Now that I've found a Mozzie build I'm a happy camper! Someone else with a masochistic streak is always comforting.

Looking forward to your insights and knowledge.

Ross


----------



## Wayne Little (Apr 12, 2009)

G'day Ross welcome to the site mate!


----------



## Njaco (Apr 12, 2009)

Welcome to the forum!


----------



## ccheese (Apr 12, 2009)

Welcome to the forum, Ross. Enjoy the place !!

Charles


----------



## Lucky13 (Apr 12, 2009)

Welcome to the family mate!


----------



## Thorlifter (Apr 12, 2009)

Welcome to the site


----------



## Gnomey (Apr 12, 2009)

Welcome!


----------



## Airframes (Apr 12, 2009)

Hello Ross and welcome from England.


----------



## Ross.Mcarthur (Apr 12, 2009)

Why, thank you, gentlemen. Always a pleasure to meet with those who share a genuine interest in kit-bashing.

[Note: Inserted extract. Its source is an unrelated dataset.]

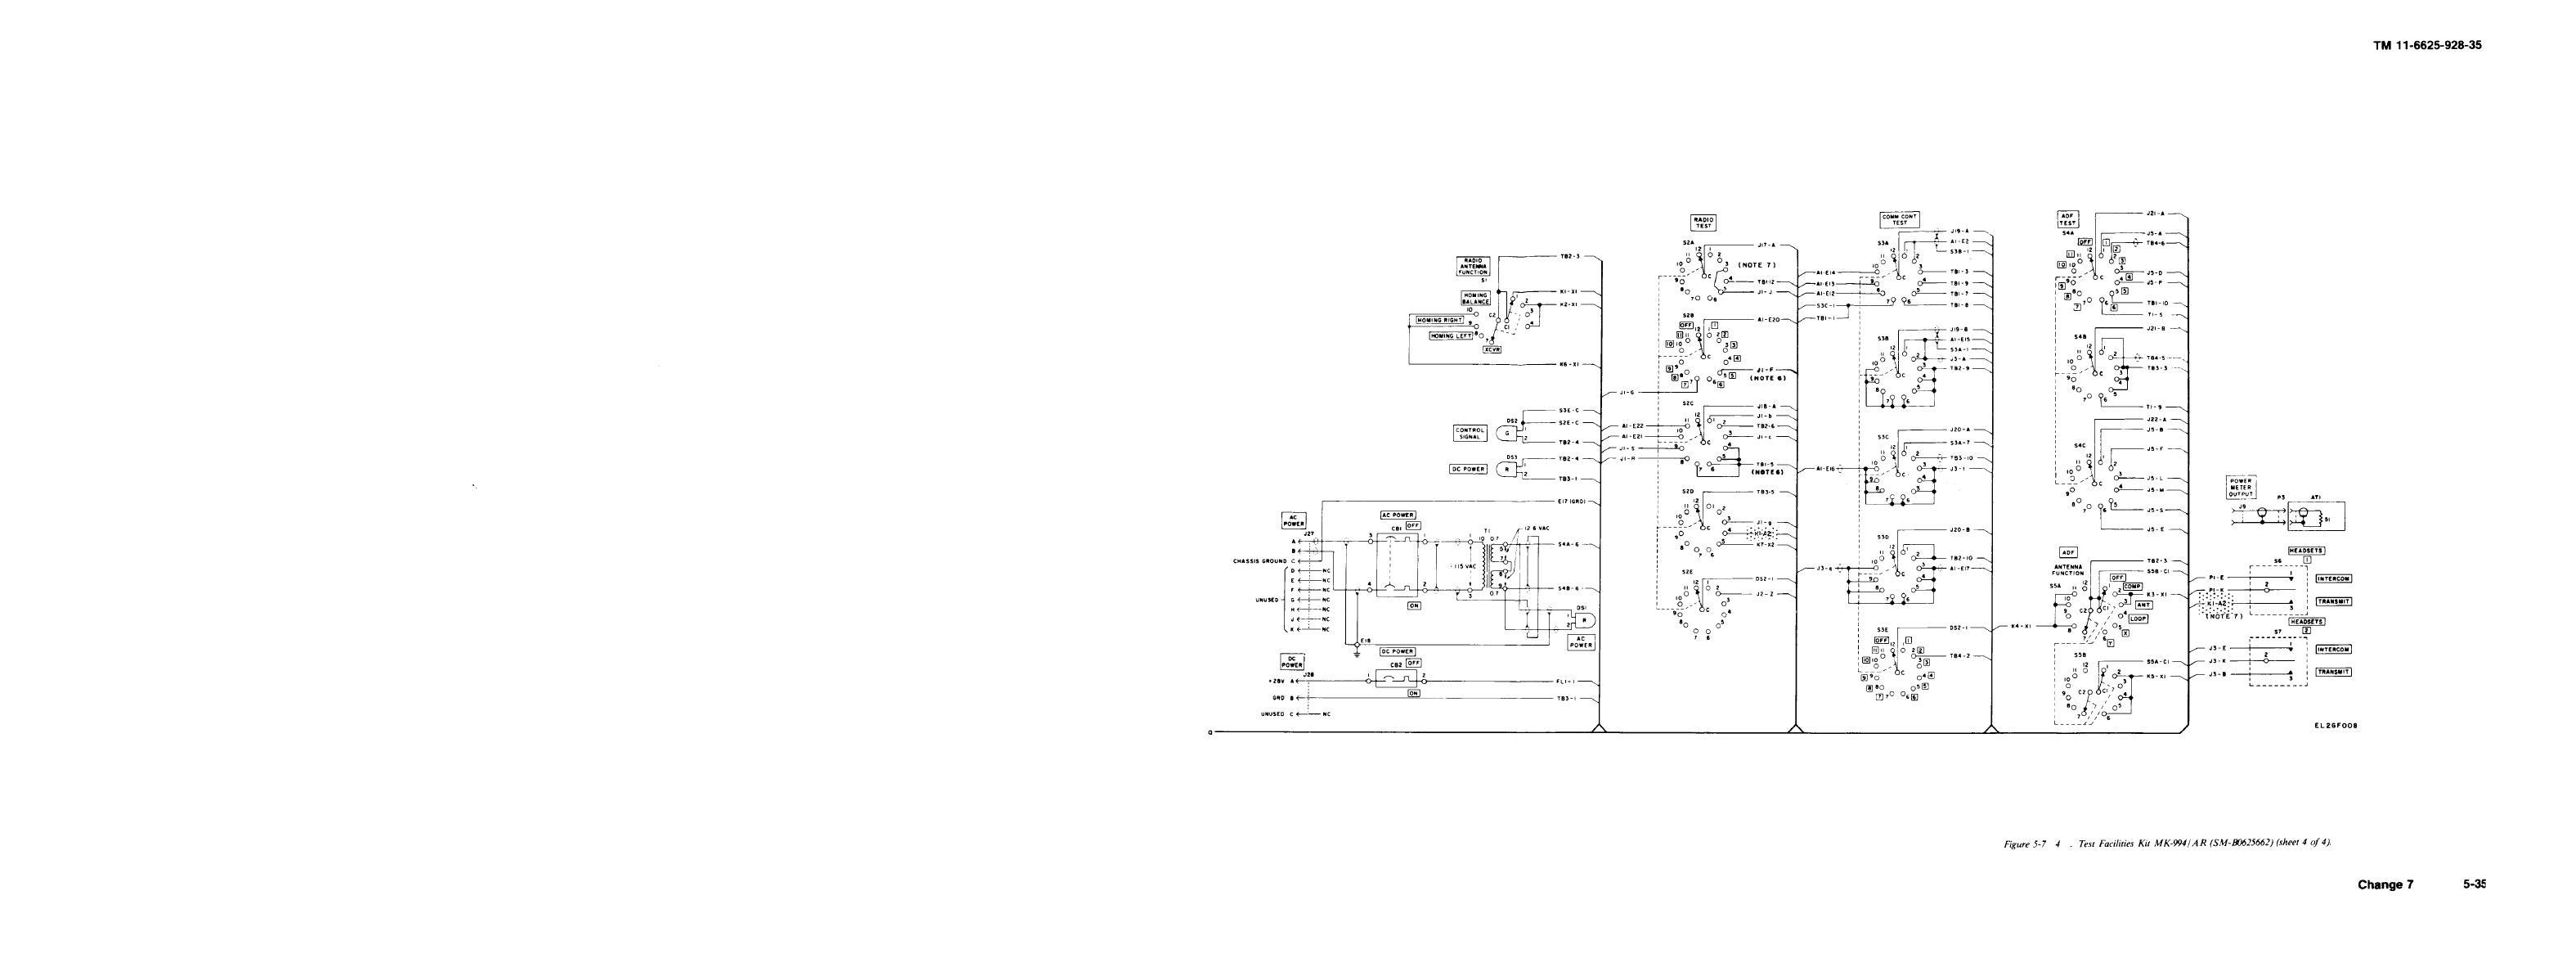 Figure 5-7. Test Facilities Kit MK-994/AR (part No. SM-B

As a bit of intro to what I have and have planned, 

since being in Oz I've acquired: 
1/32 Revell Mozzie (currently negotiating a second)
1/32 Mbox SBD-5 
1/32 P-51D Hase
1/32 Dragon P-51D
1/32 Hase Bf 109G-10
1/48 ICM Bf 109F-2
1/48 Ocidental Spit Mk. IXc
1/48 HC Spit Mk. XIVc
1/48 ICM RAF figures
1/20 Ferrari 189 F1
1/20 McLaren (1990) F1

'On the bench' back home: 

1/24 Airfix Spit Mk. 1a
1/32 Revell Mozzie B. Mk. IV.
1/32 Hase A-4E/F
1/32 MBox SBD-5
1/72 (2x) Tornado IDS, F-15C, EF-111A,


----------



## Airframes (Apr 12, 2009)

Seems like a good haul mate, with the possible exception of the Dragon P51.
It's a kit that should have been excellent, but is spoilt by terrible fit of internal parts, unneccessary gimmicks, and lack of key feautures (eg., pitot head). Apart from that, with a lot of work, it's rather nice!!


----------



## rochie (Apr 13, 2009)

hello and welcome mate


----------



## seesul (Apr 13, 2009)

Welcome aboard and greeting from Czech Republic, the other side of the globe...


----------



## Aaron Brooks Wolters (Apr 13, 2009)

Welcome Ross.


----------



## wheelsup_cavu (Apr 14, 2009)

Welcome to the forum from Sunny 8) Southern California.

Wheelsup


----------



## Milos Sijacki (Apr 15, 2009)

Welcome from the Sunny, but at the moment cloudy and wet.....oh wait.....Sunny Serbia.


----------



## Wurger (Apr 15, 2009)

Hi Ross.
Nice to read you here.


----------



## hollo11 (Apr 20, 2009)

I'm a history now but not the aviation part....buuuuuu
Tough, being kicked off I'm still flying without the flight plan.


----------